I was ready to crash when I got home, but I wanted to keep my best friend, Kayla, updated on the night while my memories were still fresh. The "employee/friend" was also a target for me in more personal matters.
I wrote out the message and sent it to Kayla over facebook. I then closed my laptop.
"Boop" - someone IMed me on Facebook chat. Usually, I'd ignore this and keep the laptop closed. But this time, for some reason, despite being exhausted and after some hesitation, I opened my laptop back up.
It was my other best friend, Sarah: "Do you know what's happening with Kay?"
I won't go into detail now because I know I'll make a few posts about this at some point, but basically, Sarah had just found out that our dear friend Kayla had been in an accident.
We spent the next few days in hospital waiting rooms and at the Kayla's bed side until she passed.
I was devastated.
Almost immediately, I experienced a new change in my bowel habit - blood.
I ignored this at first, until there was finally enough blood to alarm even my aloof self. I googled it, and Sir Google seemed to think this a fairly urgent problem. So, I begrudgingly let my mom in on what was happening and what had been happening for the last year and a half.
Appointments were made with several Gastroenterologists. I quickly decided I did not want a male, meaning my mom's gastro, who is also attractive, was out. Thus, we turned to a doctor we had no experience with, but who was highly recommended.
We were paying the rates of appointments with the actual doctor, yet every time we were sent to her P.A. (I think that's what they're called?). The colonoscopy was scheduled for two months from then.
I never even met the doctor performing the colonoscopy until the day of. She was an older, tiny, silly lady. She was straight and to the point, but also very silly, which is a good thing because I do nothing but joke when I'm nervous or in any sort of distress.
Turns out, the procedure was a breeze - the prep, well, that's another post for another day.
The doctor told us a bit about what she'd found, and explained she took a biopsy of the lesions. At this point, we didn't know much.
Finally, we received the call confirming the results about a week later. I forget exactly what they said to my mom, but my mom did specifically ask, "Okay, so she doesn't have Ulcerative Colitis or Crohn's or anything?" The caller then confirmed that I tested negative for any diseases. Cool.
We still had a follow up appointment the following week after the call. We go in, and of course, no doctor. Again. Despite the payment to see the actual doctor.
The nurse begins going through what was found in the colonoscopy and after a few minutes she nonchalantly says, "So you have Ulcerative Colitis and this is what we're going to do."
Say what? Run through that one more time for me.
I had little knowledge about UC, so my mom took over the conversation with a stern "We were told she tested negative for any diseases." Again, nonchalantly the nurse says, "No, she tested positive."

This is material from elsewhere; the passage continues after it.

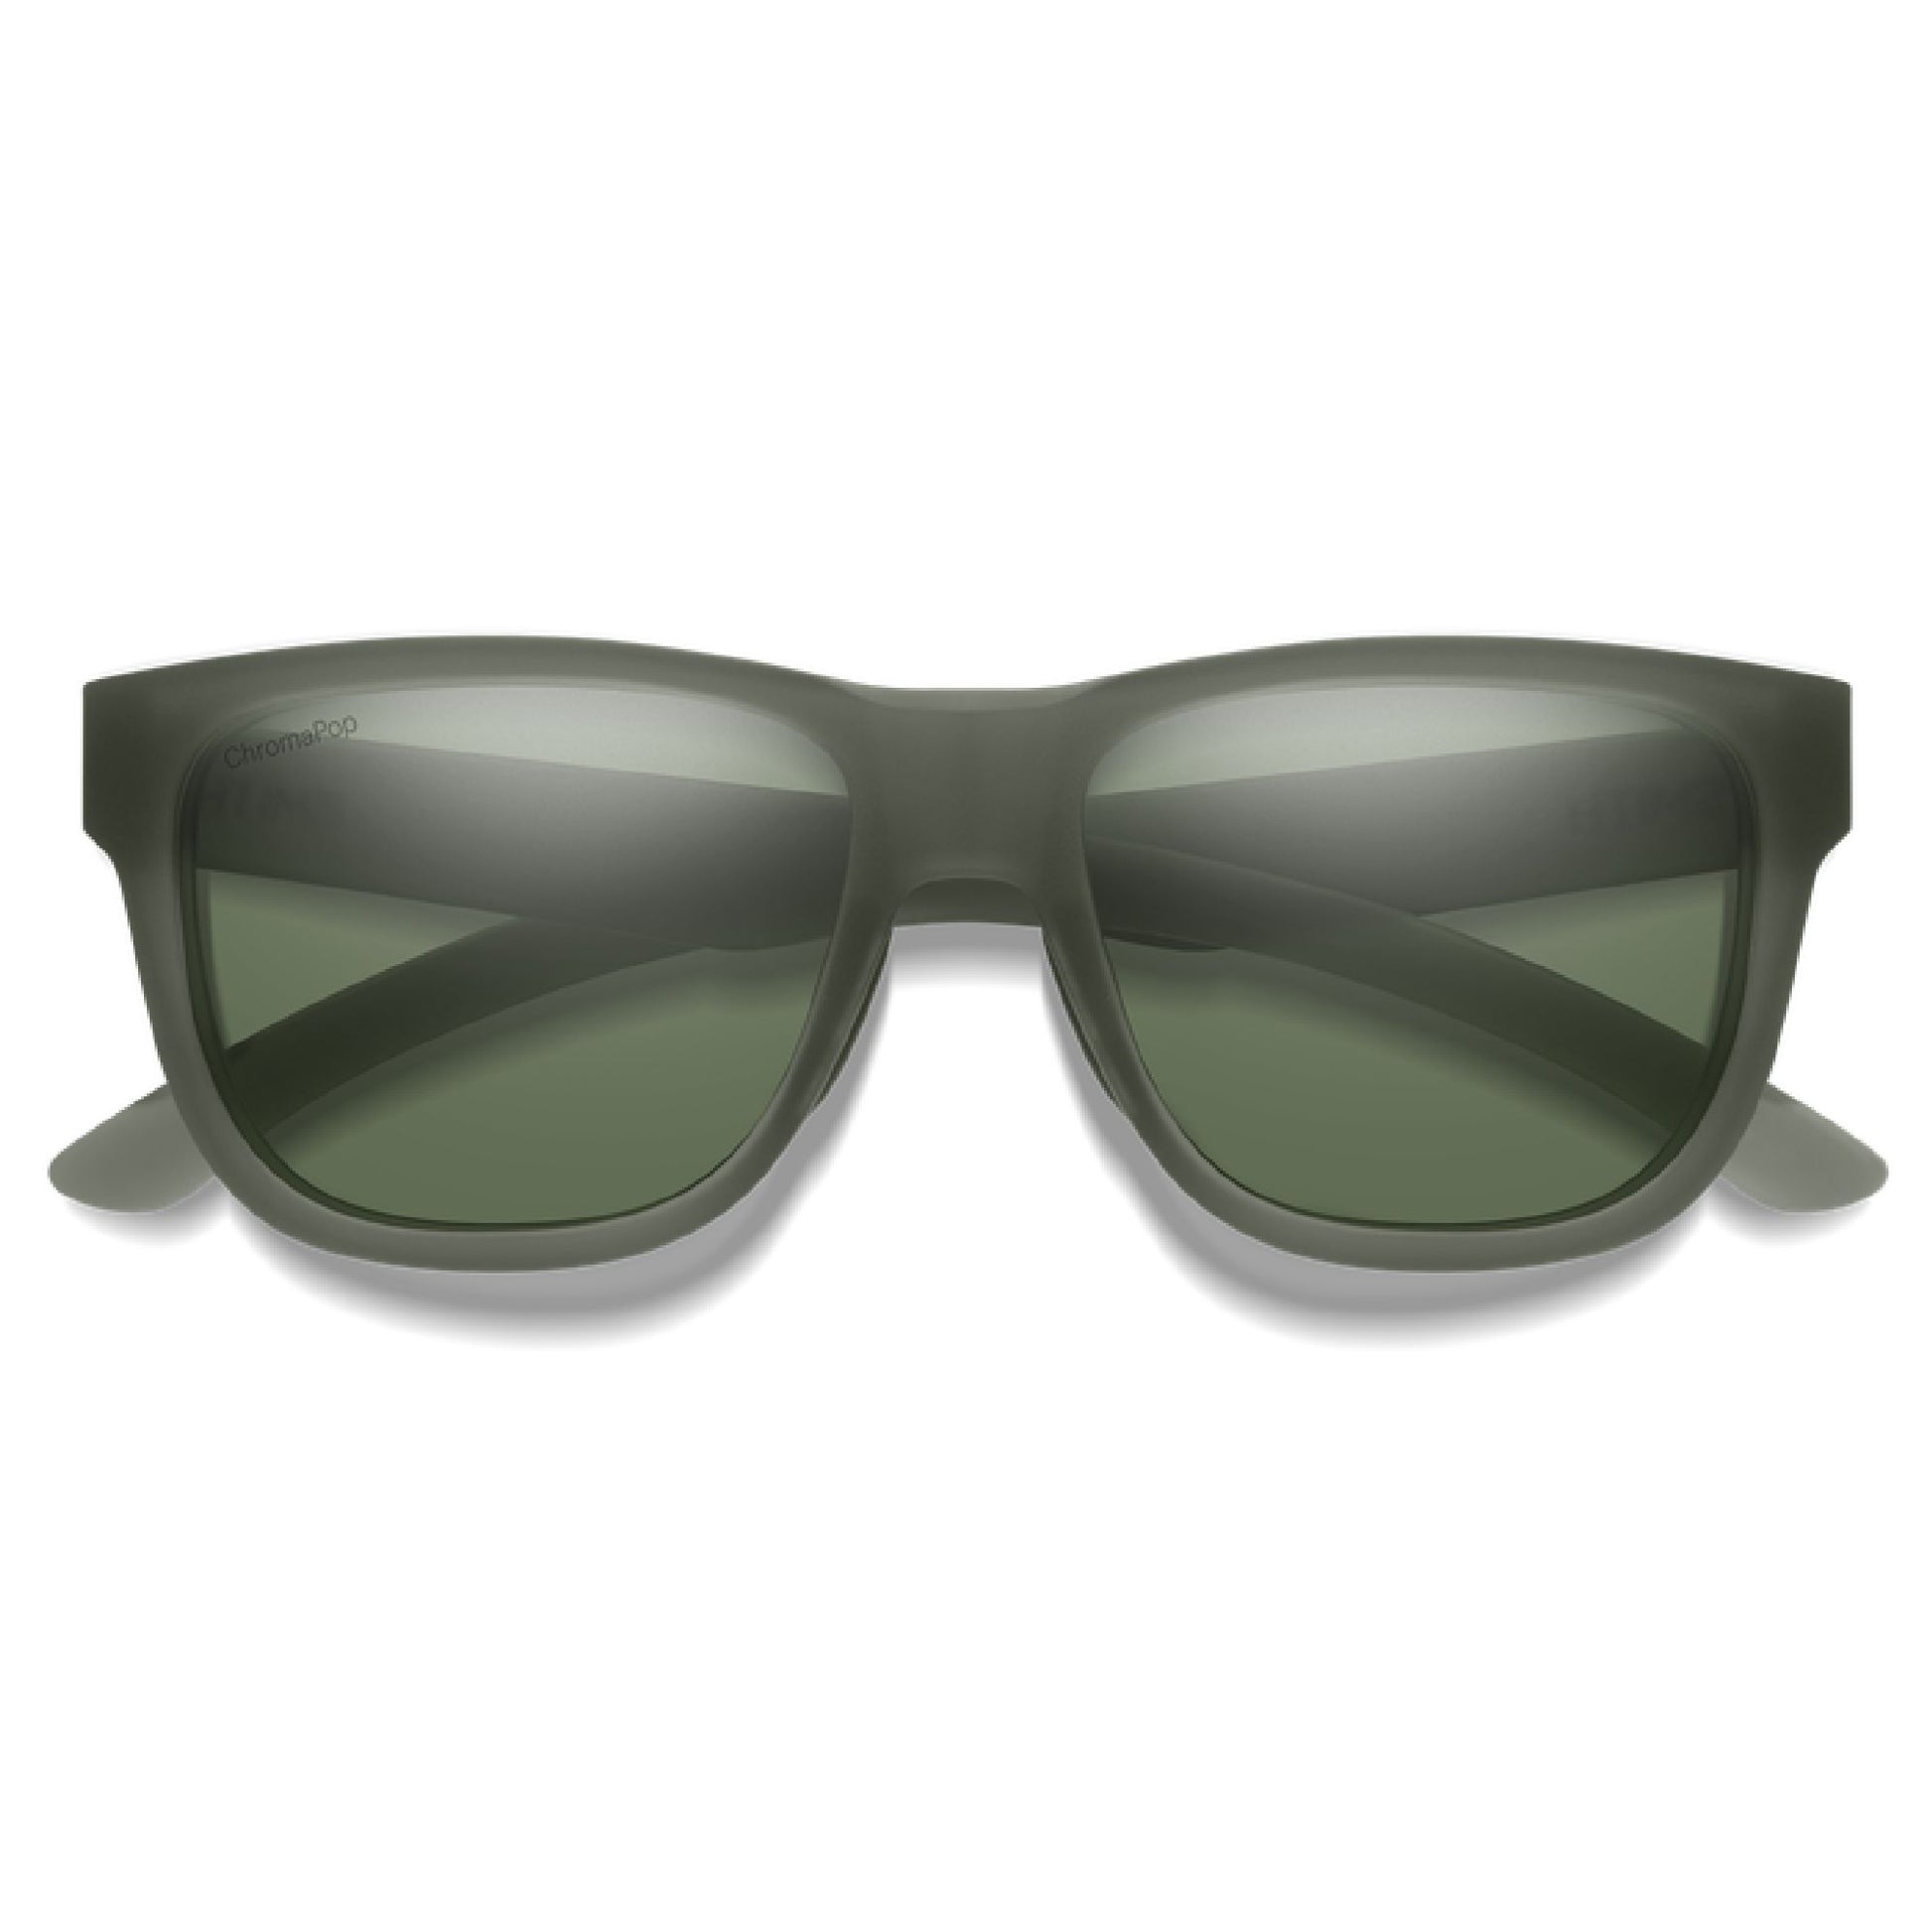 Smith Lowdown Slim 2 Sunglasses Matte Moss Crystal / ChromaPop Polarized Gray Geen Sunglasses

"But when your office called with the results, they said negative. I double checked on that fact and even specifically mentioned Ulcerative Colitis."
"Well I don't know anything about that."
"So my daughter has a disease, and because of your office, we thought she was in the clear for the past two weeks. And if we chose not to come back because someone at your office said she was fine? What then?"
You see, my mom made sure to ask this because two of my aunt's have UC, one has Crohn's, and another has Colon Cancer. One of them even has a j-pouch. So, my bloodline is not exactly equipped with healthy colons.
Despite the doctor being so nice and friendly, none of her P.A.'s were pleasant at any of our appointments. This particular nurse was not bothered at all by the fact that false information was given to us. I know the mistake was probably not hers and that she was likely not the woman who called with the results - but still, show some remorse, or some worry that we were given false information about something as important as an autoimmune disease. That is a PROBLEM. At least act like you want to fix it.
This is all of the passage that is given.